T2-weighted fluid-attenuated inversion recovery (FLAIR) magnetic resonance imaging (MRI) scans are important for diagnosis, treatment planning and monitoring of brain tumors. Depending on the brain tumor type, the FLAIR hyperintensity volume is an important measure to asses the tumor volume or surrounding edema, and an automatic segmentation of this would be useful in the clinic. In this study, around 5000 FLAIR images of various tumors types and acquisition time points from different centers were used to train a unified FLAIR hyperintensity segmentation model using an Attention U-Net architecture. The performance was compared against dataset specific models, and was validated on different tumor types, acquisition time points and against BraTS. The unified model achieved an average Dice score of 88.65\% for pre-operative meningiomas, 80.08% for pre-operative metastasis, 90.92% for pre-operative and 84.60% for post-operative gliomas from BraTS, and 84.47% for pre-operative and 61.27\% for post-operative lower grade gliomas.

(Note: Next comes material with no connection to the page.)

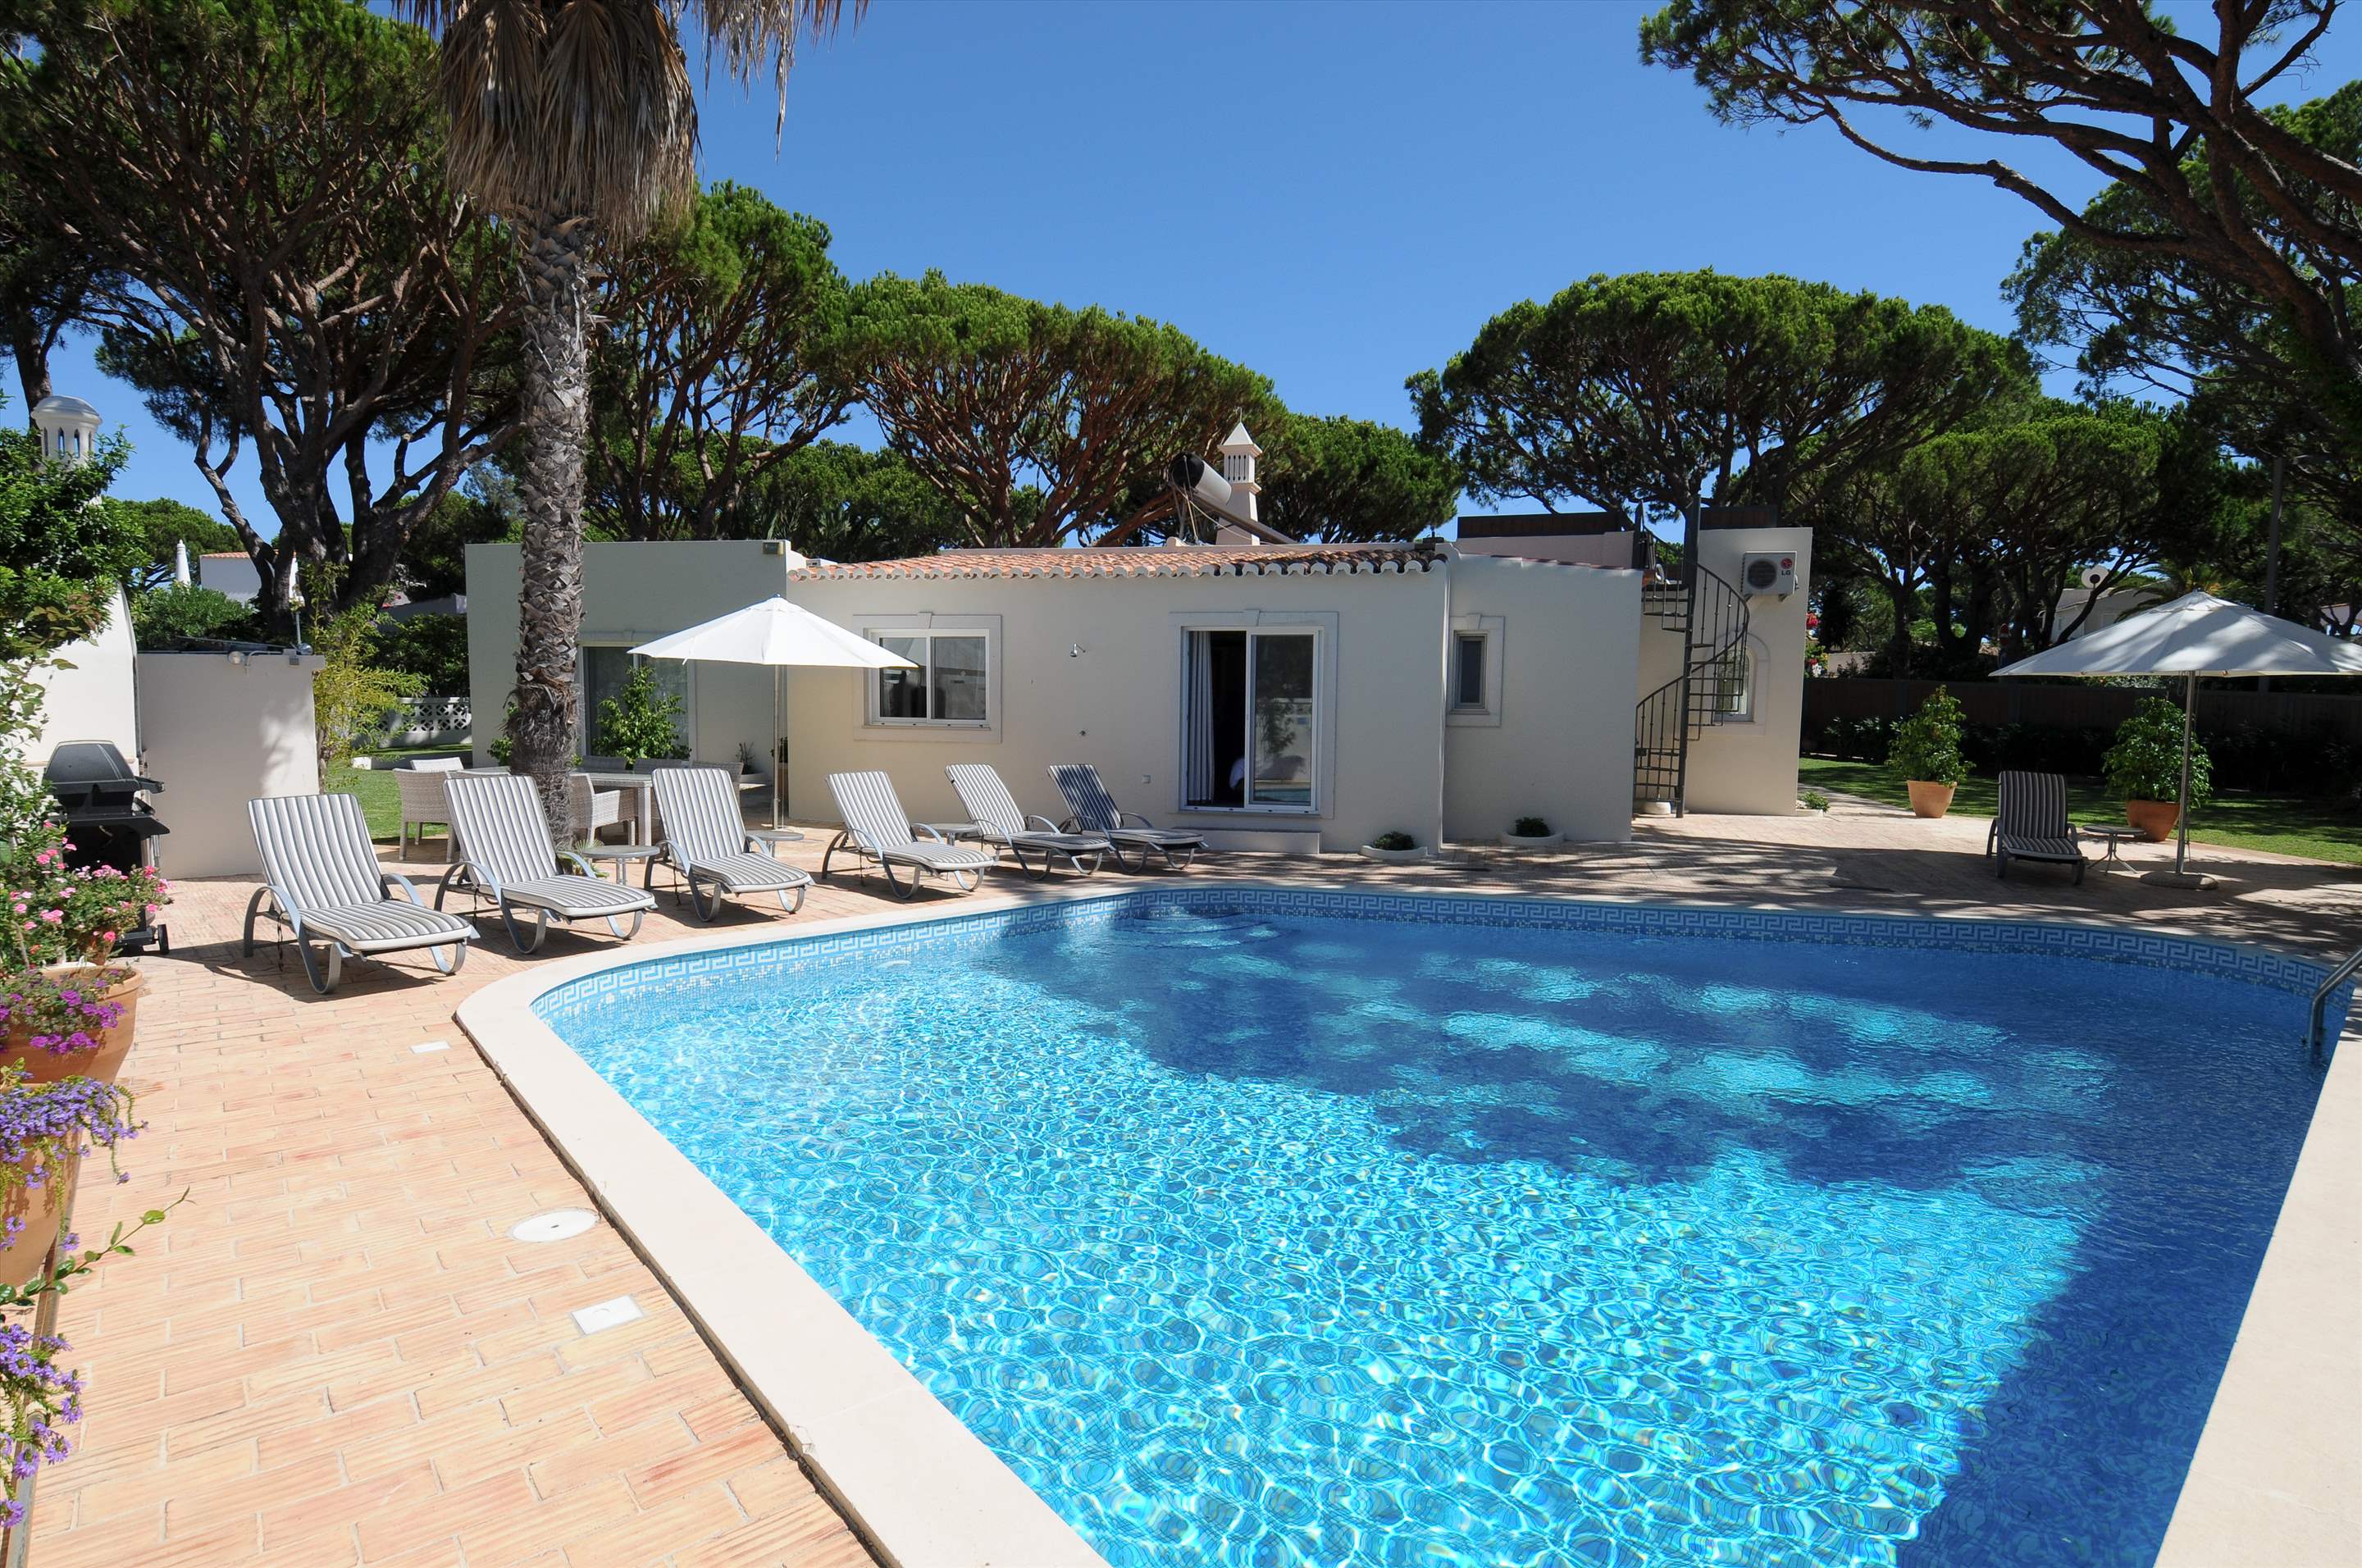 Casa Blanca, 4 Bed Rental, 4 bedroom villa in Vale do Lobo, Algarve
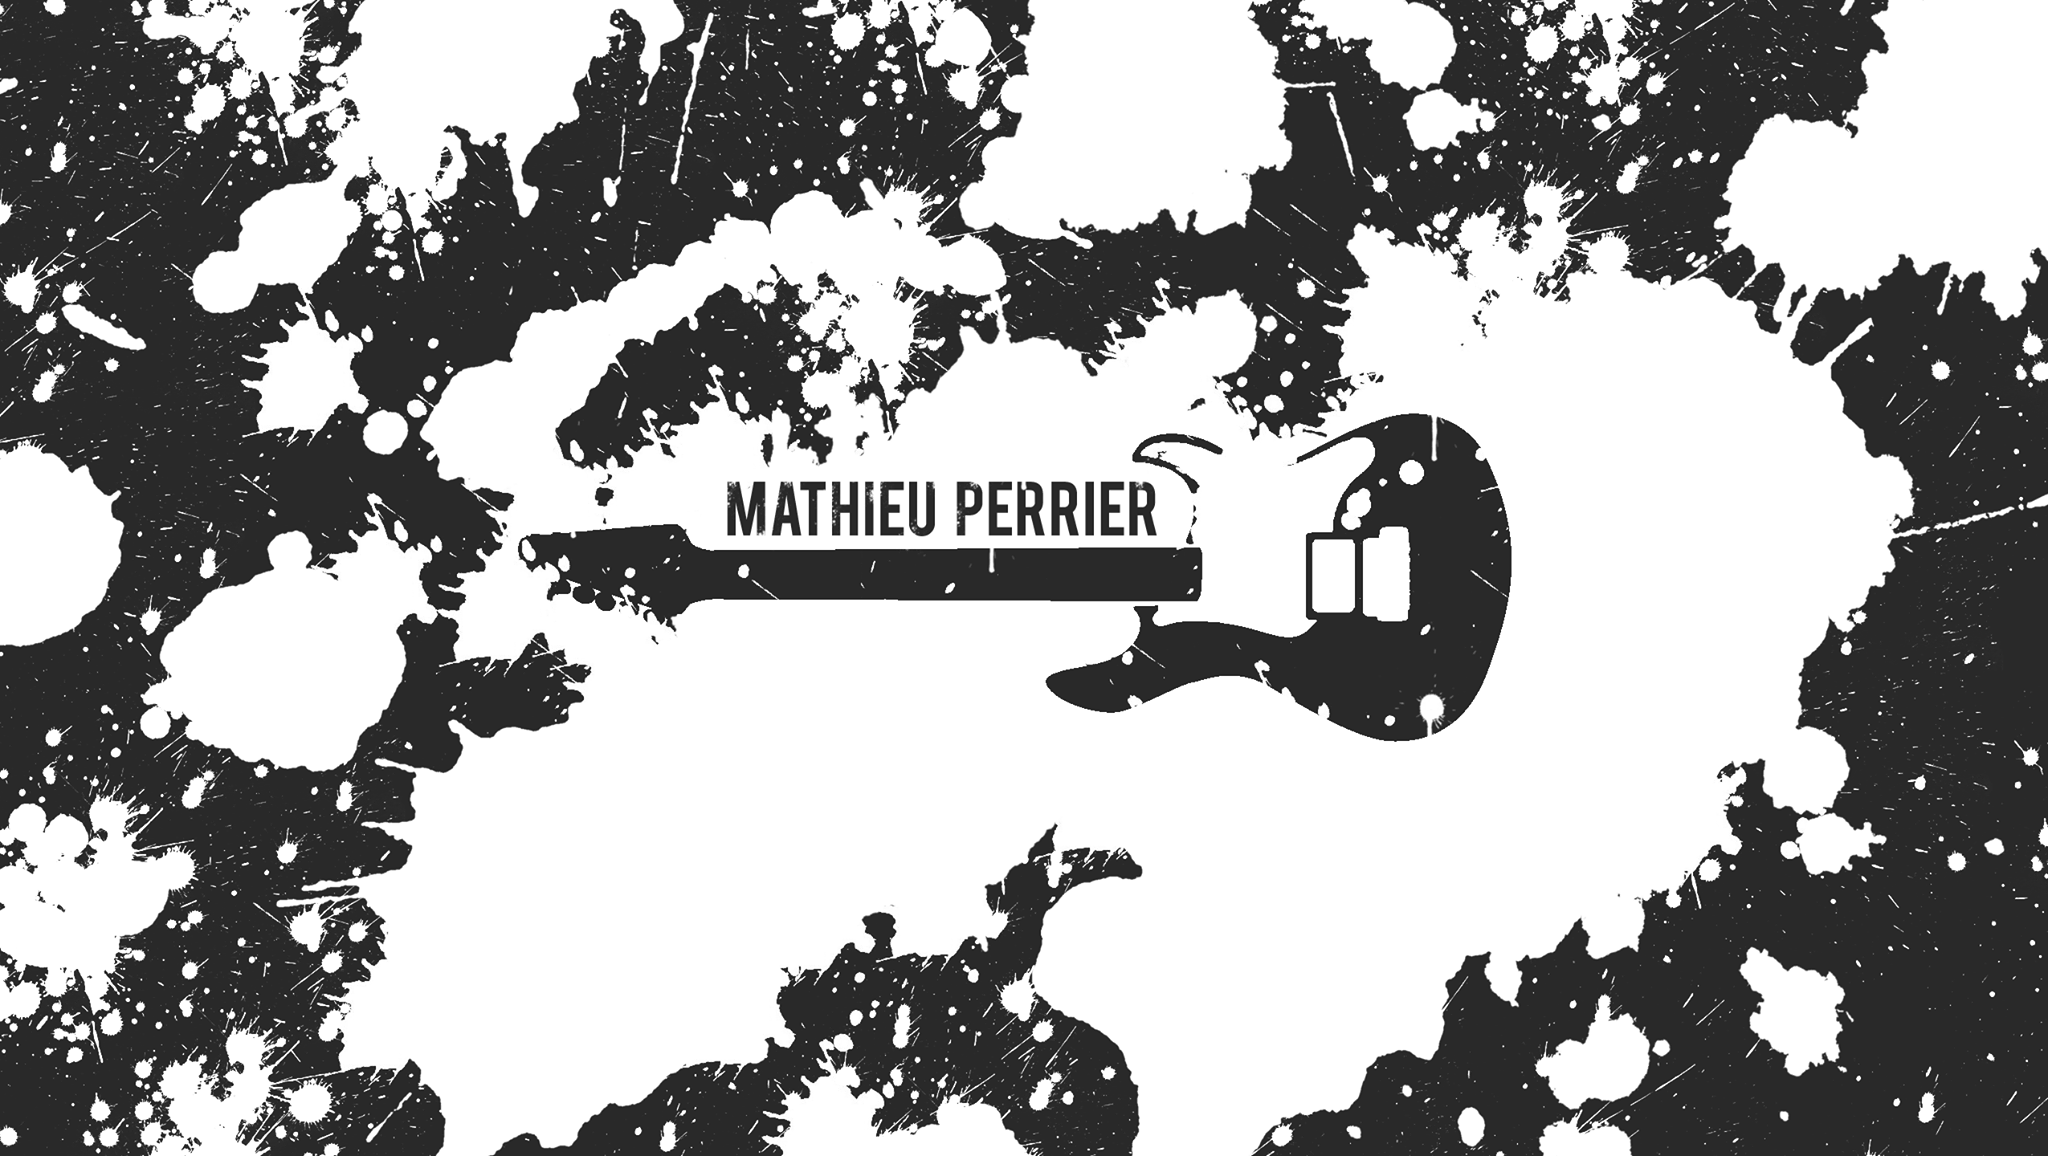 Mathieu Perrier

In addition, the results showed that the unified model achieved comparable segmentation performance to the dataset specific models on their respective datasets, and enables generalization across tumor types and acquisition time points, which facilitates the deployment in a clinical setting. The model is integrated into Raidionics, an open-source software for CNS tumor analysis.


翻译:T2加权液体衰减反转恢复(FLAIR)磁共振成像(MRI)扫描对于脑肿瘤的诊断、治疗规划和监测具有重要意义。根据脑肿瘤类型的不同,FLAIR高信号体积是评估肿瘤体积或周围水肿的重要指标,其自动分割在临床中具有实用价值。本研究利用来自不同中心的约5000幅涵盖多种肿瘤类型及采集时间点的FLAIR图像,采用Attention U-Net架构训练了一个统一的FLAIR高信号分割模型。该模型的性能与针对特定数据集训练的模型进行了比较,并在不同肿瘤类型、采集时间点以及BraTS数据集上进行了验证。统一模型在BraTS数据集中取得了以下平均Dice分数:术前脑膜瘤88.65%、术前转移瘤80.08%、术前胶质瘤90.92%与术后胶质瘤84.60%,以及术前低级别胶质瘤84.47%与术后低级别胶质瘤61.27%。此外,结果表明统一模型在各自数据集上达到了与特定数据集模型相当的分割性能,并能够实现跨肿瘤类型和采集时间点的泛化,这有助于其在临床环境中的部署。该模型已集成至中枢神经系统肿瘤分析开源软件Raidionics中。